Help them distinguish between disrespect and critical thinking when necessary. A young person who asks “Why?” isn’t necessarily being rude. Sometimes they’re trying to understand before agreeing. However, tone makes all the difference, and it’s good to lead by example.

Impatience and High Expectations

Often portrayed as impatient and demanding, this generation has grown up in a world of instant gratification.

What this might hide: two very different things: instant gratification in various forms has always been part of their lives (though now all generations are becoming increasingly impatient) and… these young people are reaching adulthood in a costly, unstable, and anxiety-inducing environment, so their sense of urgency may stem from the feeling that the future is fragile.

How grandmothers can help:

They can put these difficulties into perspective. Grandparents know that, throughout history, certain periods have been just as destabilizing and anxiety-inducing as today, but they understand young people’s anxiety because they, too, are affected by the rapid transformation of today’s economic, social, and technological conditions. Openness is key here; we can ask them to explain what’s most challenging for them, while making it clear that we understand their world as young adults is very different from the one we experienced.
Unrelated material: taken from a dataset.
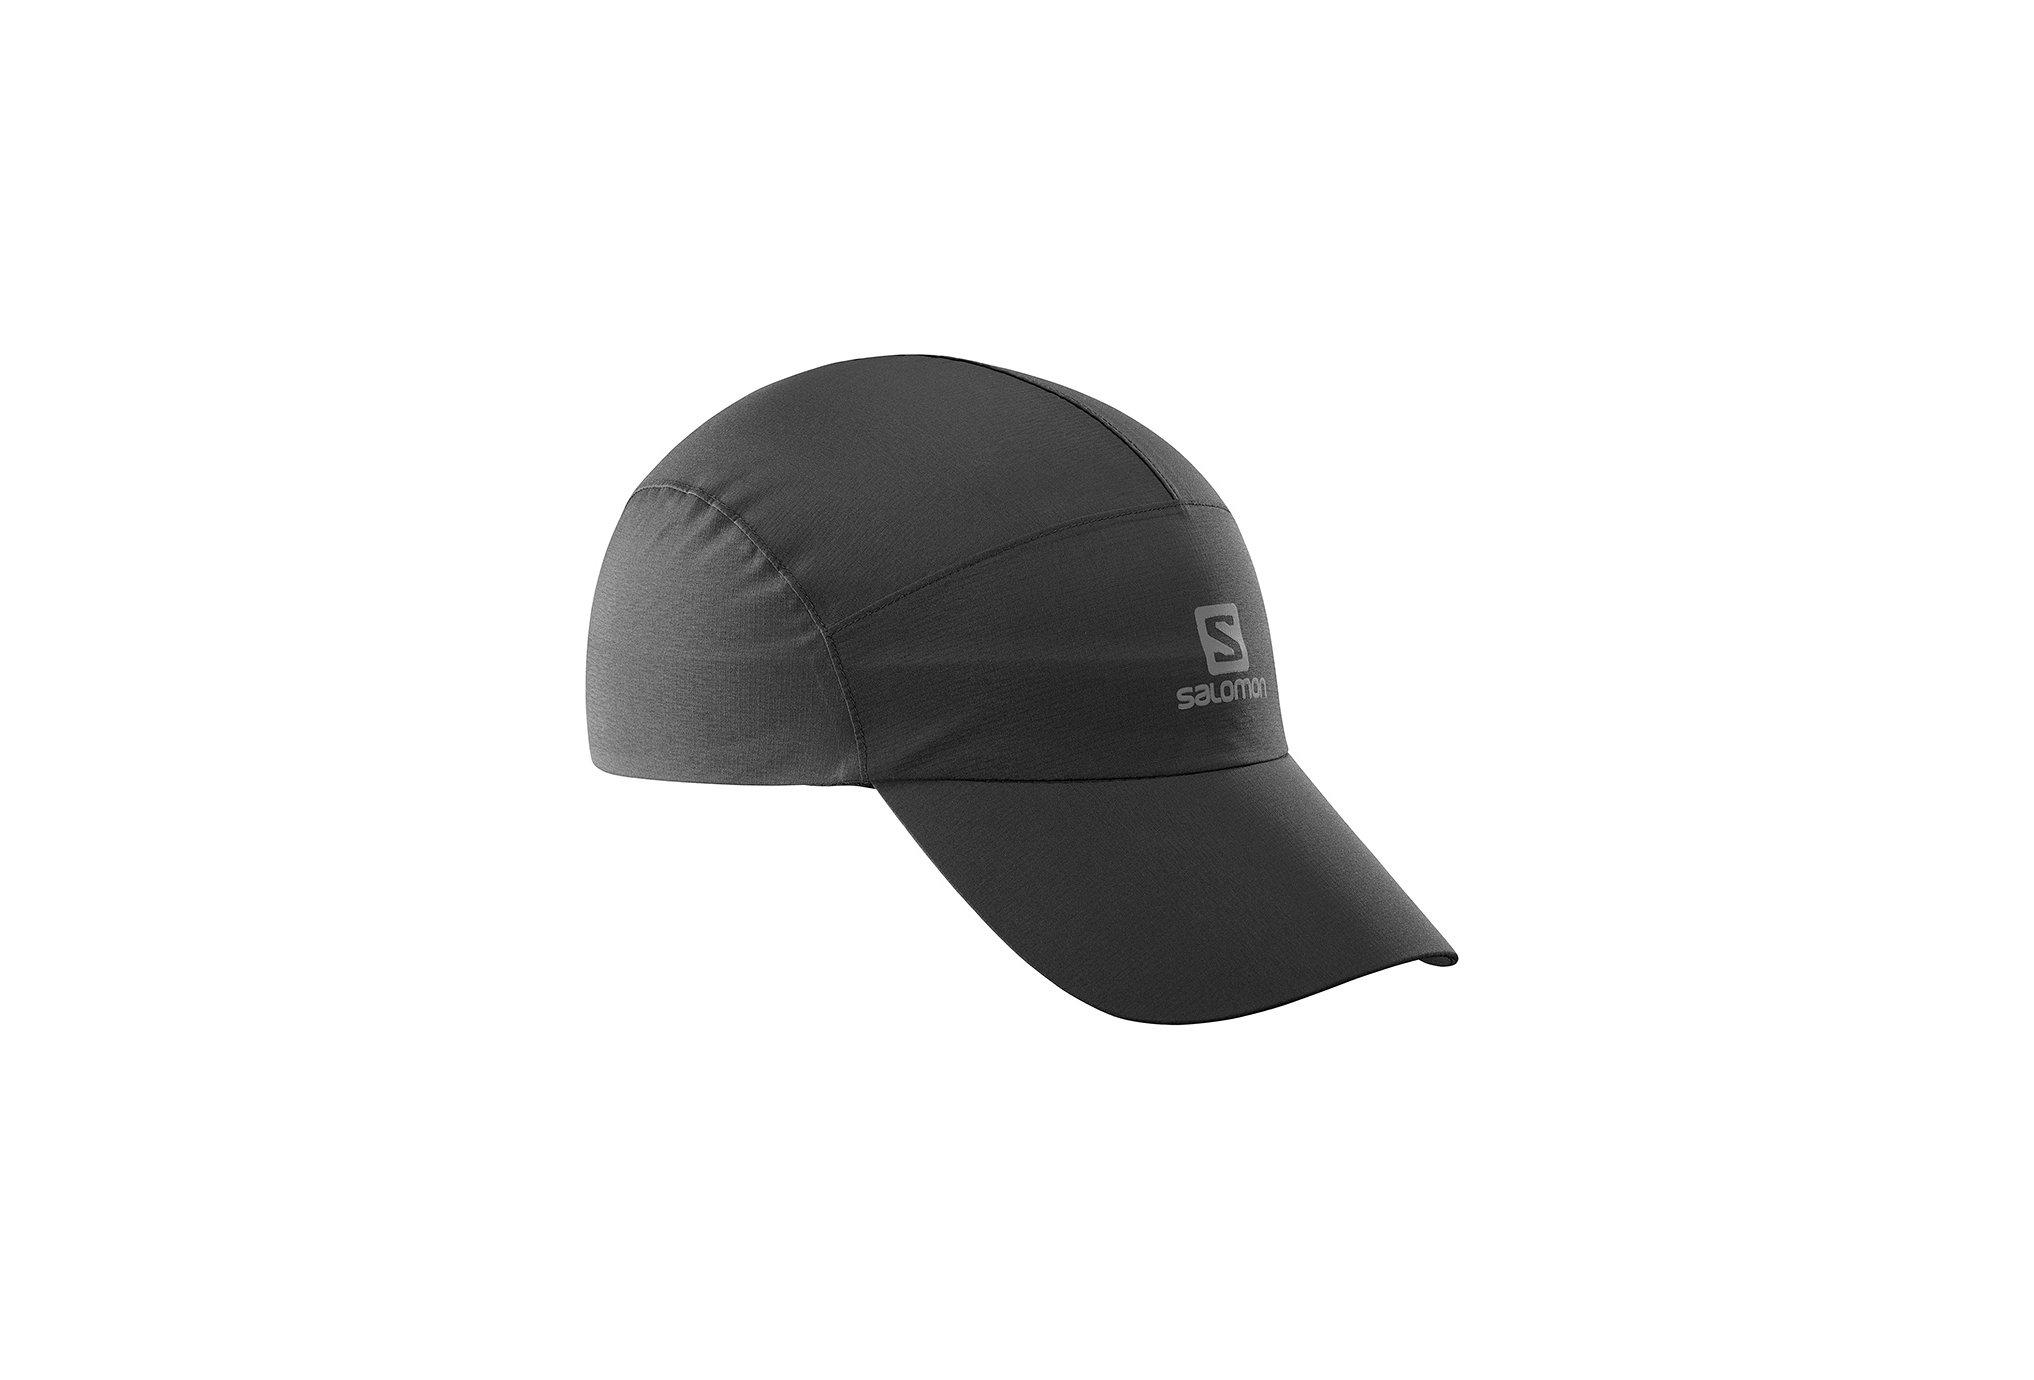 Salomon Waterproof Cap Casquettes / bandeaux

No Longer Know How to Communicate

People say Gen Z no longer know how to talk to others and that they prefer texting to real conversations.
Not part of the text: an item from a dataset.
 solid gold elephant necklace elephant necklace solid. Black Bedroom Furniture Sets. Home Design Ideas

What this might hide: they communicate differently. They switch between different forms of expression: text, images, humor, memes, videos, short messages, and online chats. It’s sometimes less rich, but sometimes not at all – it’s just a different code.

How grandmothers can help:

By creating opportunities for real conversation: walks, coffee, car rides, and shared activities can sometimes spark very meaningful conversations.

Self-Centered

They are accused of narcissism, individualism, and an obsession with identity.

What this might hide: Many young people are trying to figure out who they are in a world that is highly visible, highly competitive, and highly uncertain. Their search for identity can be interpreted as self-centeredness, when in fact it is often an attempt to find their place in the world.

How grandmothers can help:

By offering a less hurried, less performance-oriented perspective. They can remind young people that they have the right to try, to make mistakes, and not to have a clearly defined identity by the age of 20.

In short, challenging stereotypes about Gen Z doesn’t mean pretending that young people are perfect. It means refusing to pigeonhole them before listening to them.

Let’s Have a Conversation :

Do your adult grandchildren usually talk to you? Do you think grandmothers can counter pervasive myths by sharing firsthand observations about their adult grandchildren? What are the differences between being an ally and being a mentor to your grandchildren?